7. Database Collection

Implementation

This stage is implemented in:

src/dopingflow/collect.py

The public entry point is:

run_collect(...)

Purpose

This stage consolidates results from previous workflow stages into a single flat CSV that can be used as a lightweight database for downstream analysis, plotting, and reporting.

The database is written to the workflow root as:

results_database.csv

Only filtered / selected candidates are included (strict policy), so the database represents the subset of structures that passed your selection criteria.

Inputs

This stage uses settings from two sections of input.toml:

  • [structure]: provides the workflow output directory containing composition folders.

  • [database]: controls skipping/overwriting of the database CSV.

It expects the standard workflow outputs inside each composition folder (if present):

Composition-level (folder-level)

  • metadata.json (from Step 01 generation)

  • selected_candidates.txt (from Step 04 filtering) preferred

  • ranking_relax_filtered.csv (from Step 04 filtering) fallback

  • ranking_scan.csv (from Step 02 scanning)

  • bandgap_alignn_summary.csv (from Step 05 bandgap prediction)

  • formation_energies.csv (from Step 06 formation energies)

Candidate-level

  • candidate_*/02_relax/meta.json (from Step 03 relaxation)

Selection Policy

This stage follows a strict selection rule: it will never include unfiltered candidates.

Selection priority within each composition folder:

  1. If selected_candidates.txt exists: use exactly those candidate names (one per line).

  2. Else, if ranking_relax_filtered.csv exists: include the candidates listed there.

  3. Else: the folder is skipped (no candidates are collected).

This ensures that the database represents only the candidates you explicitly kept after filtering.

Method Summary

For each composition folder inside [structure].outdir:

  1. Determine the candidate list using the selection policy above.

  2. Load composition metadata from metadata.json (if available).

  3. Load per-stage summary tables (if available):

    • scan ranking table

    • filtered ranking table

    • bandgap summary table

    • formation energy table

  4. For each selected candidate:

    1. Read relaxed-energy metadata from candidate_*/02_relax/meta.json (if available).
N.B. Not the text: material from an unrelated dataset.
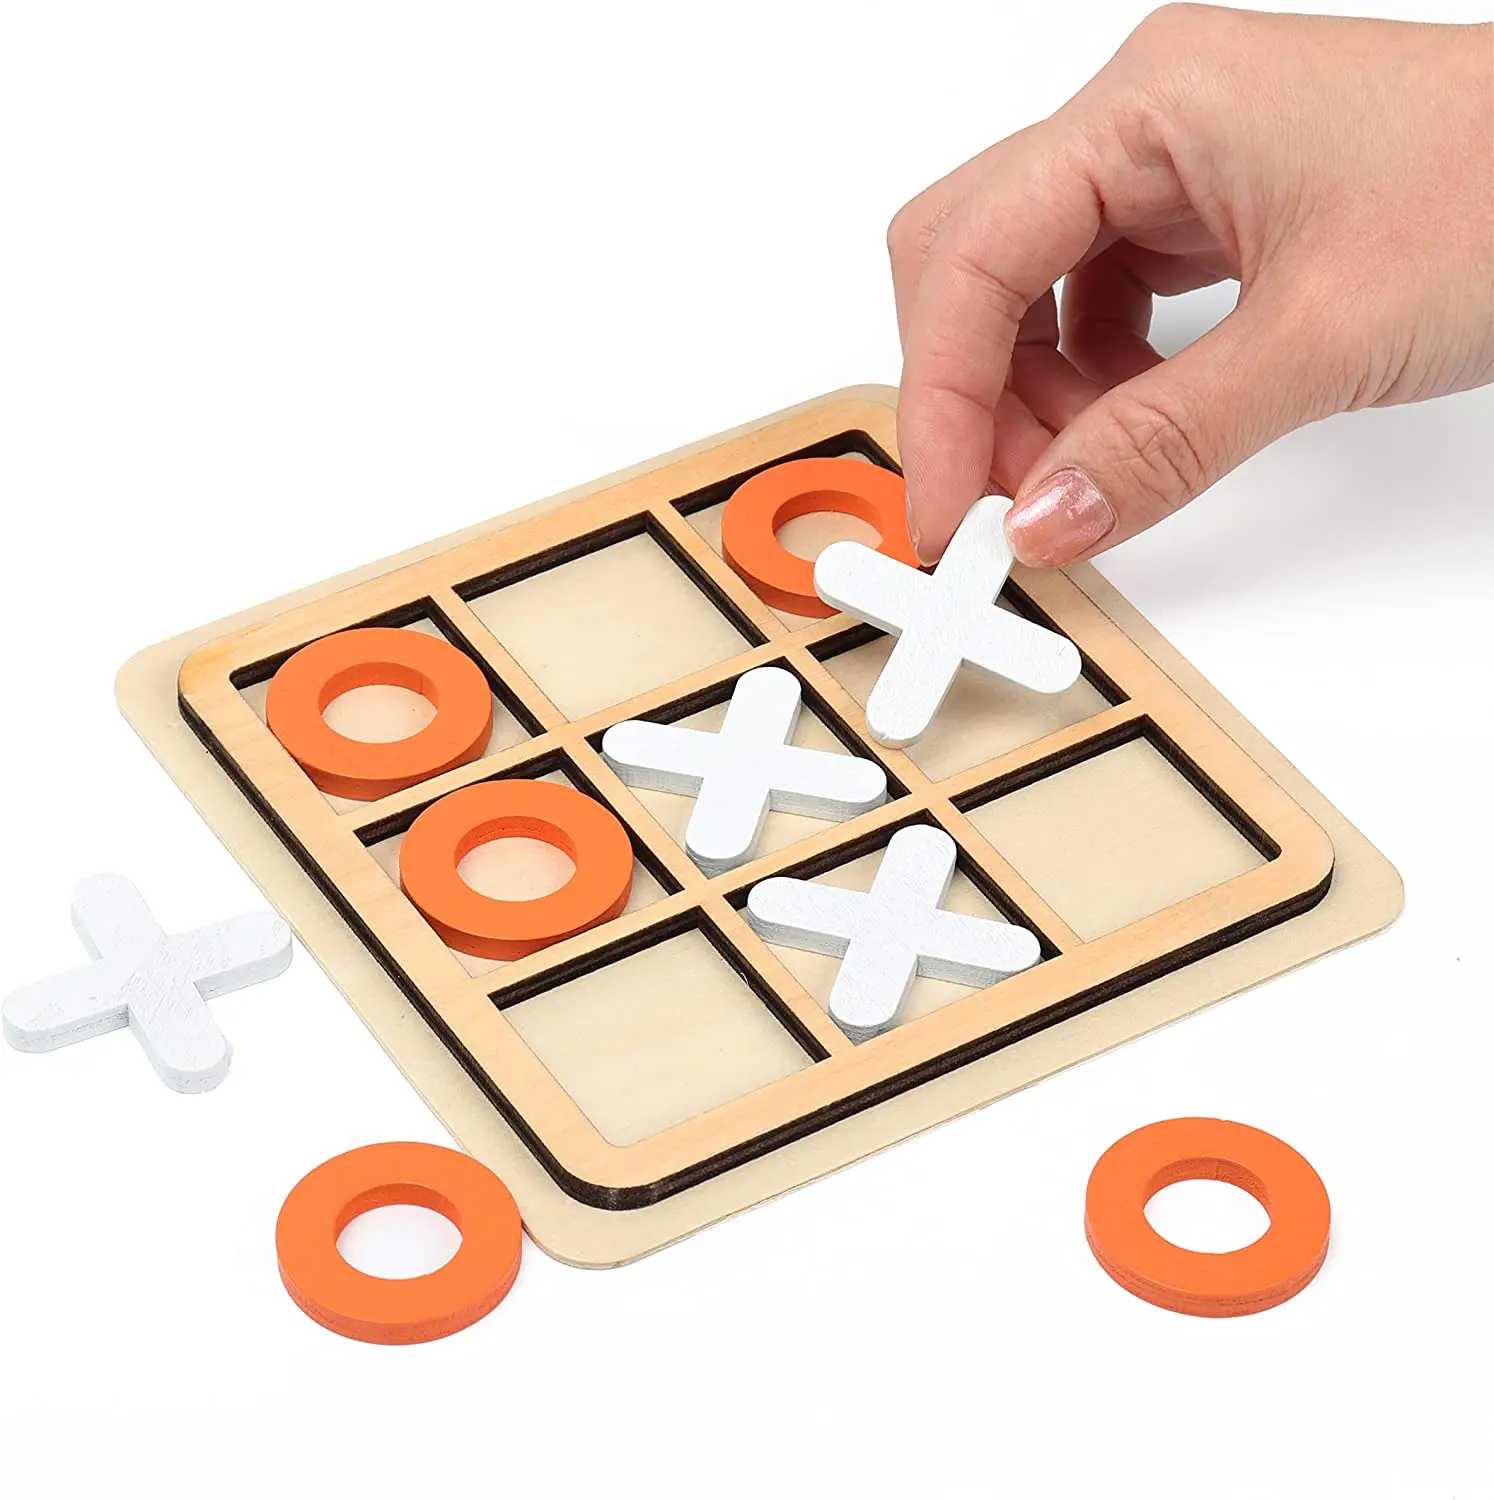 Tic Tac Toe Game 4.5 cm Green, Toys \ Games

    2. Combine composition-level and candidate-level information into one row.

  5. Write all rows to:

results_database.csv

Database Schema

The output database contains the following columns:

Composition-level fields

  • composition_tag: Folder name of the composition (effective tag used by the generator).
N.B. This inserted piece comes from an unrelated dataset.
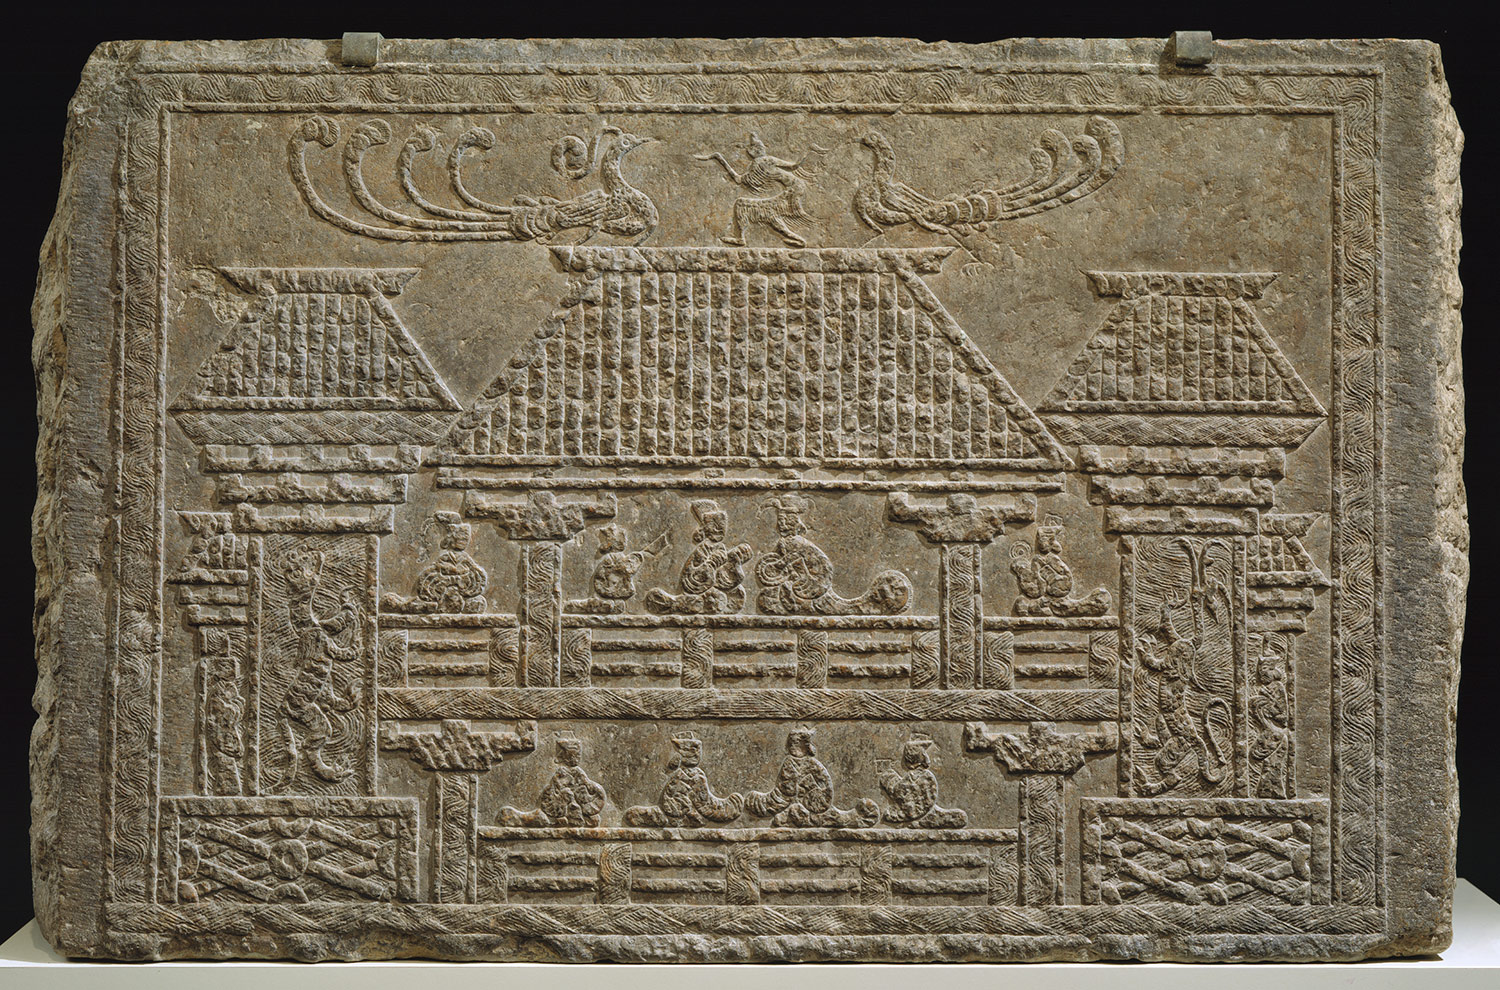 Tomb Relief from Han Dynasty, courtesy of Metropolitan Musuem of Art

  • requested_index: Index of the composition in the generator loop (if available).

  • requested_pct_json: JSON string of requested dopant percentages (if available).

  • effective_pct_json: JSON string of effective dopant percentages after rounding (if available).

  • rounded_counts_json: JSON string of rounded integer substitution counts (if available).

  • host_species: Host species used for substitution (from generation metadata).

  • n_host: Number of host sites in the supercell (from generation metadata).

  • supercell_json: JSON string of the supercell dimensions (if available).

Candidate-level identity

  • candidate: Candidate folder name (e.g., candidate_001).

  • candidate_path: Absolute path to the candidate folder (useful for linking back to files).

Relax (filtered) fields

  • rank_relax_filtered: Rank within the filtered set (if available).

  • E_relaxed_eV_filtered: Relaxed energy read from the filtered ranking table (if available).

Scan fields

  • rank_scan: Single-point rank from scanning stage (if available).

  • E_scan_eV: Single-point energy from scanning stage (if available).

Relax (meta) fields

  • E_relaxed_eV: Relaxed energy extracted from candidate_*/02_relax/meta.json (if available).

Bandgap fields

  • bandgap_eV: Predicted bandgap value from the bandgap summary (if available).

Formation-energy fields

  • E_form_eV_total: Total formation energy in eV (if available).

  • E_form_norm: Normalized formation energy (as written by Step 06, depends on your normalization mode).

  • n_dopant_atoms: Total dopant atoms used in the candidate (if available).

  • dopant_counts: Compact dopant-count string from Step 06 (if available).

Outputs

This stage writes one file in the workflow root:

results_database.csv

Each row corresponds to one selected candidate in one composition folder.

Reproducibility and Skipping

If:

[database].skip_if_done = true

and results_database.csv already exists, the stage is skipped.

Set skip_if_done = false to overwrite and regenerate the database.

Notes and Limitations

  • The database is intentionally flat and file-based; it is designed for quick use in pandas, spreadsheets, or plotting scripts.

  • Missing upstream files are handled gracefully: columns are left empty/None when a stage output is unavailable.

  • Only the filtered/selected candidate subset is included by design. If you later want a “full database” including all candidates, the selection policy can be relaxed as an optional mode.